■ Data

- Opening Delimiter -

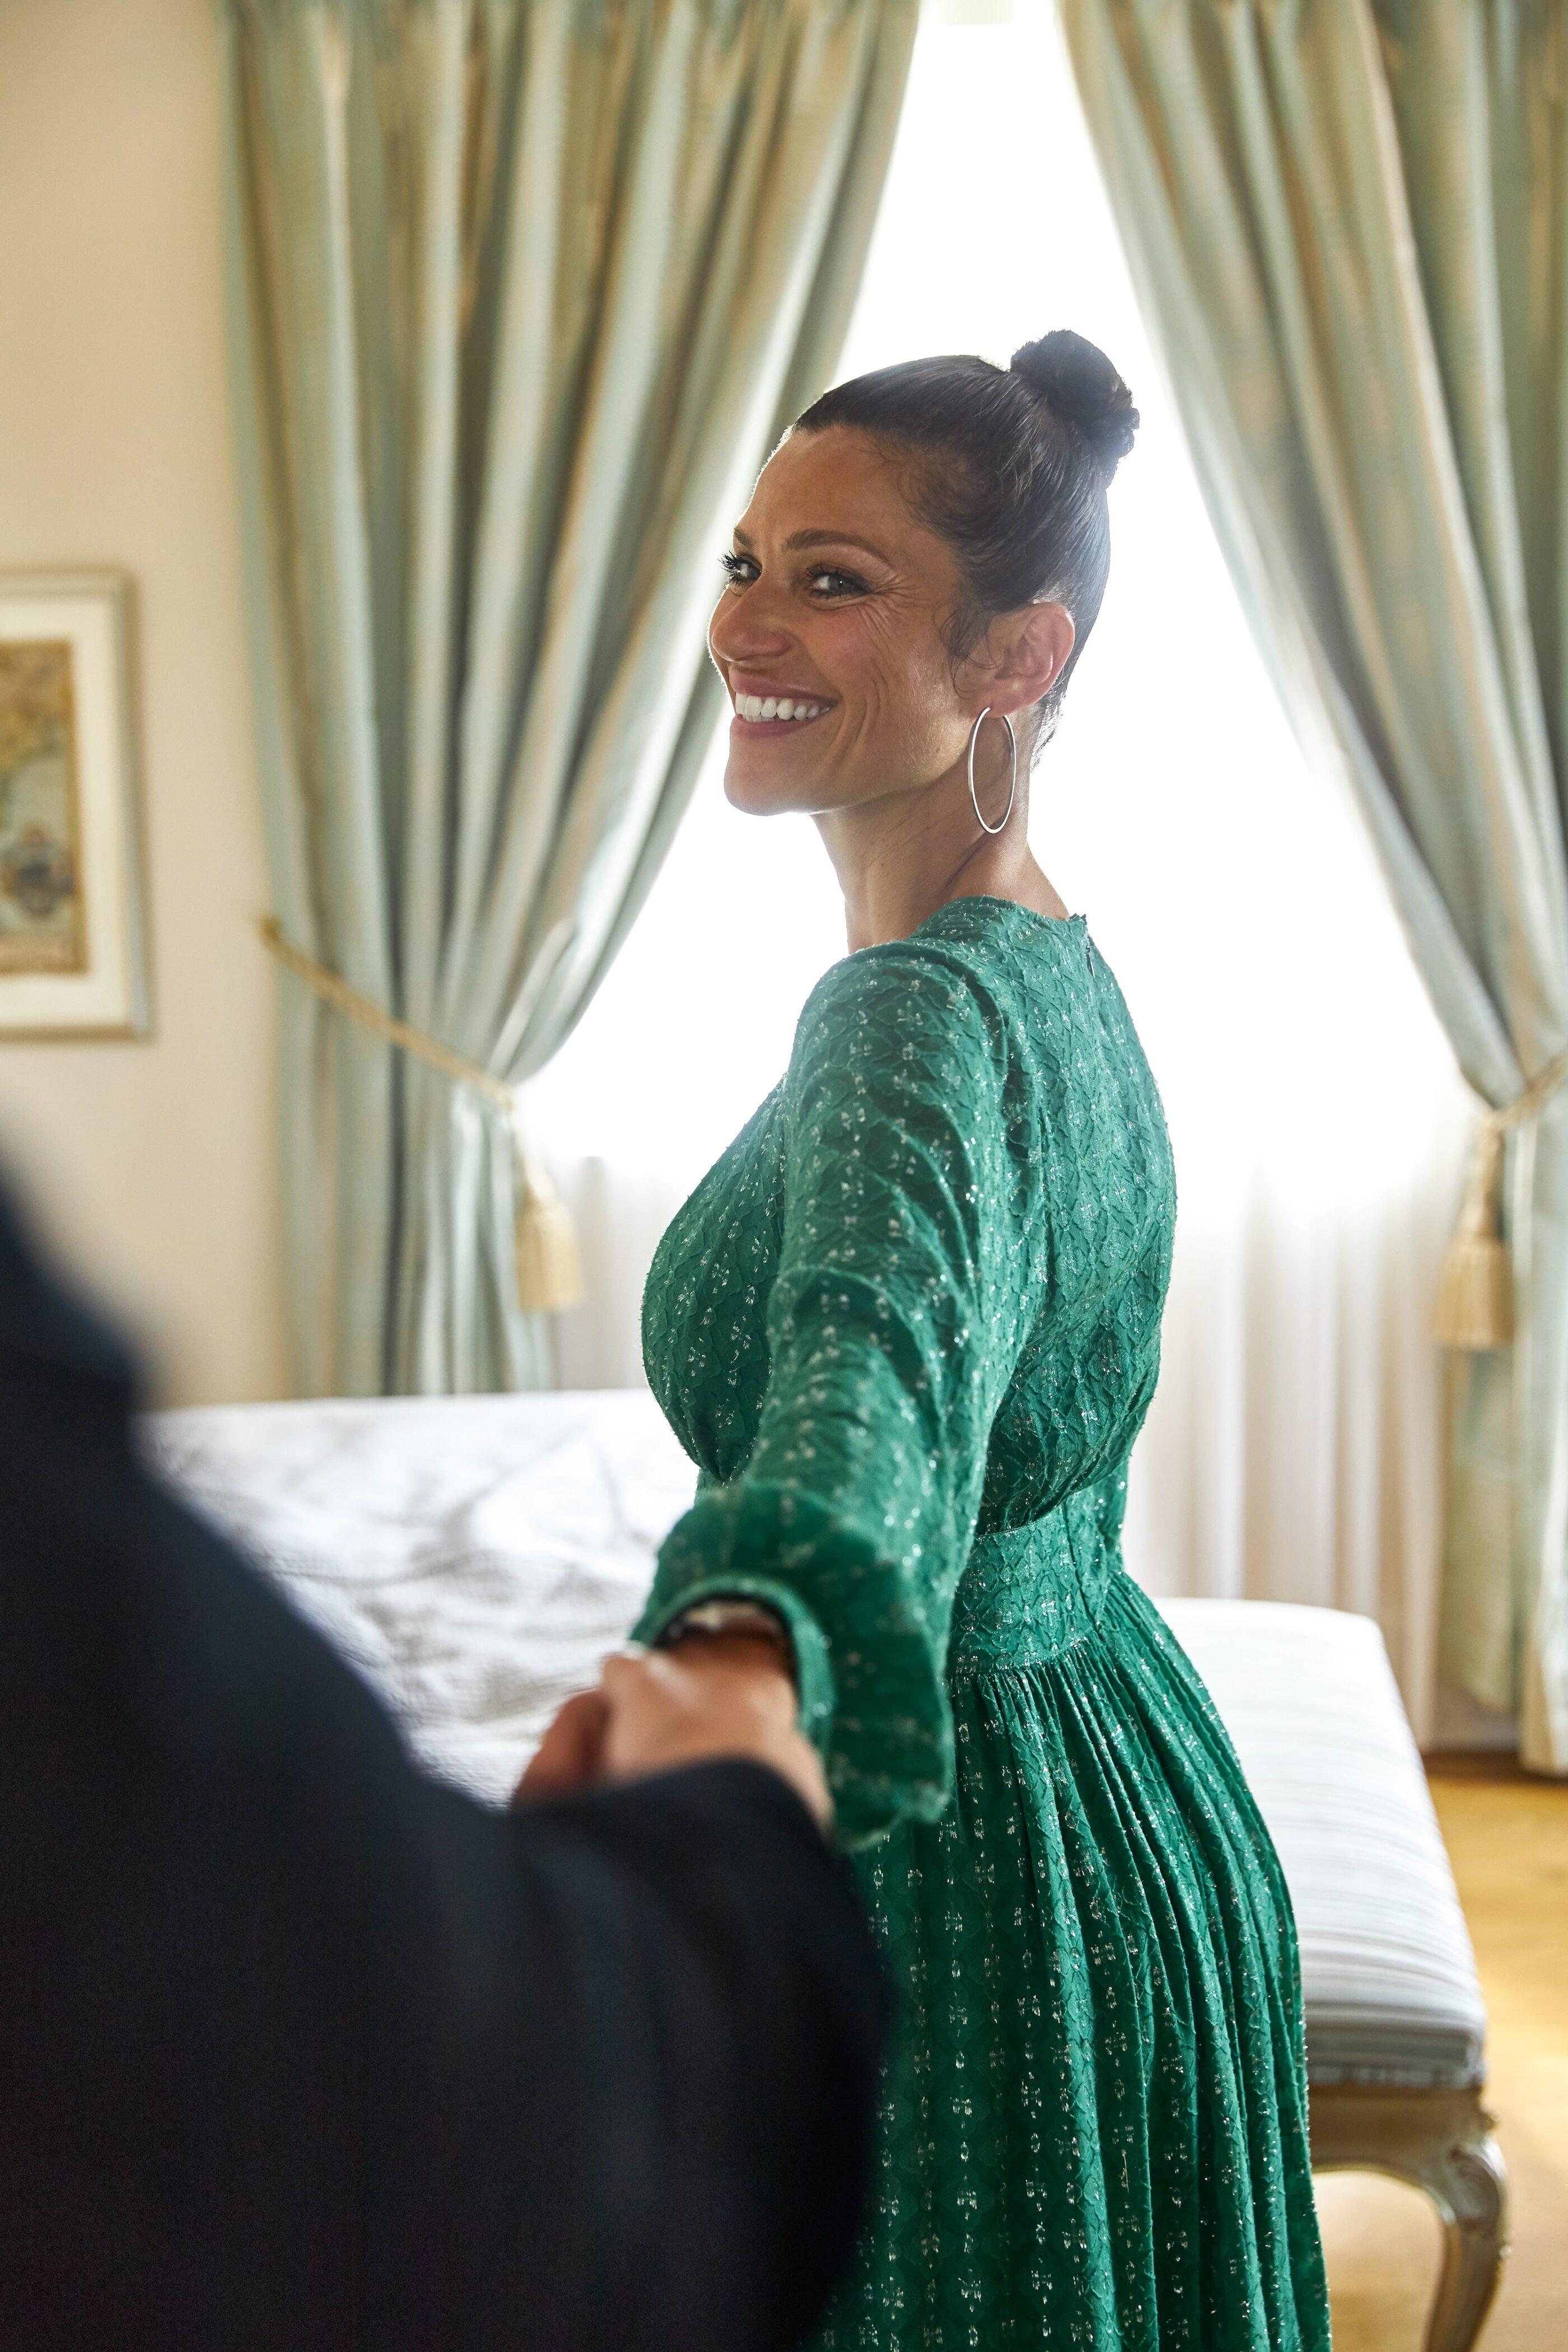 En kvinde i grøn kjole smiler med håndstrakt arm som bliver holdt af en mand
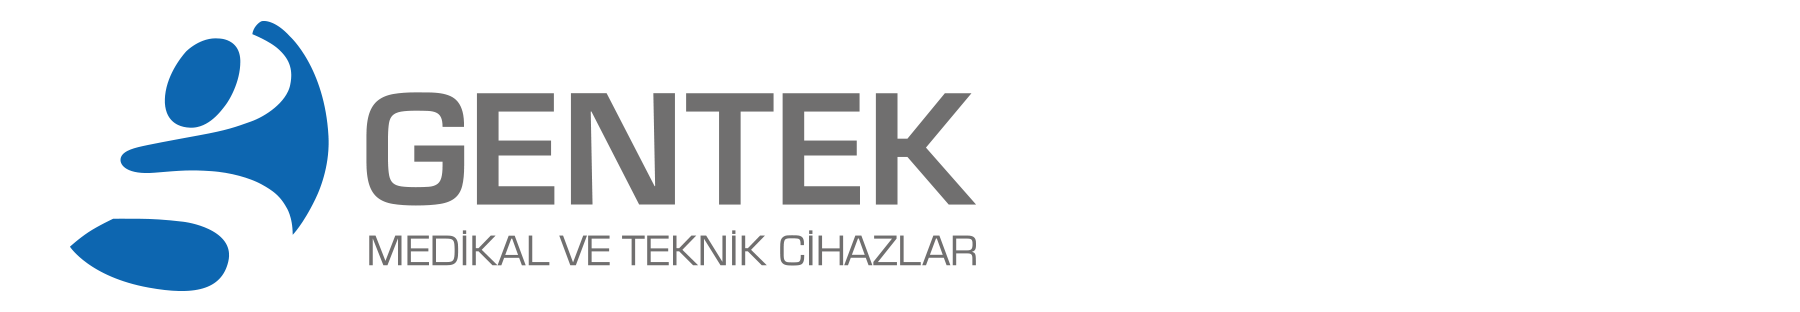 Gentek
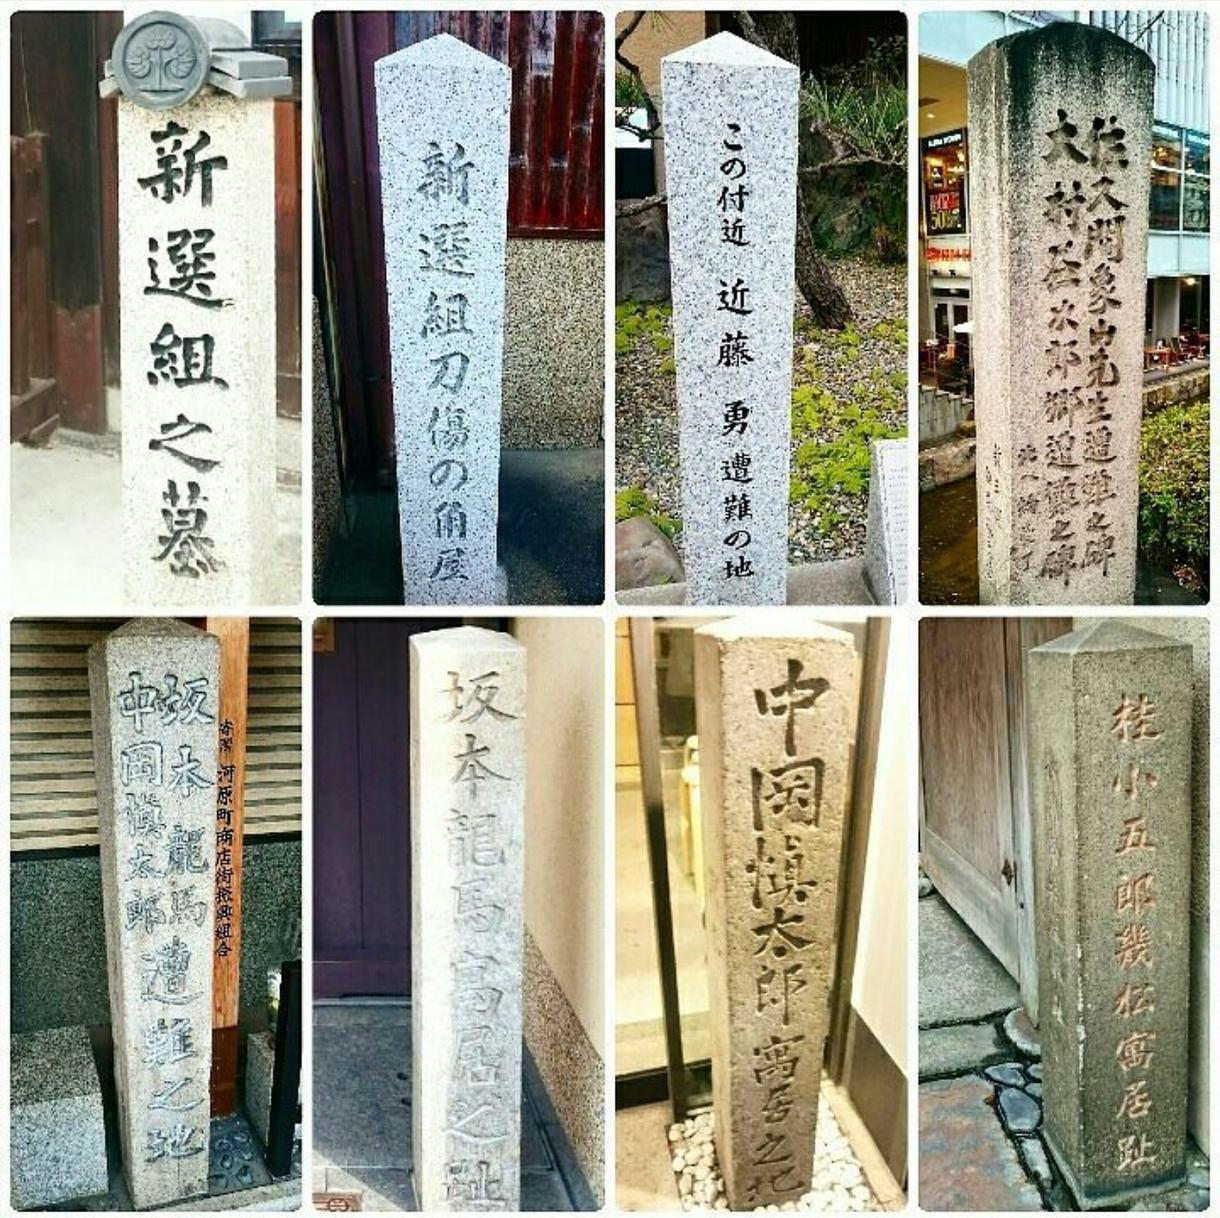 京都の写真送ります!名所の絶景写真たくさんあります 京都在住の自称カメラマンです!膨大な写真の中から3枚送ります

- Closing Delimiter -

■ Task to carry out
Set the pictures aside and reproduce the data above exactly.

■ Solved problem
 En kvinde i grøn kjole smiler med håndstrakt arm som bliver holdt af en mand
 Gentek
 京都の写真送ります!名所の絶景写真たくさんあります 京都在住の自称カメラマンです!膨大な写真の中から3枚送ります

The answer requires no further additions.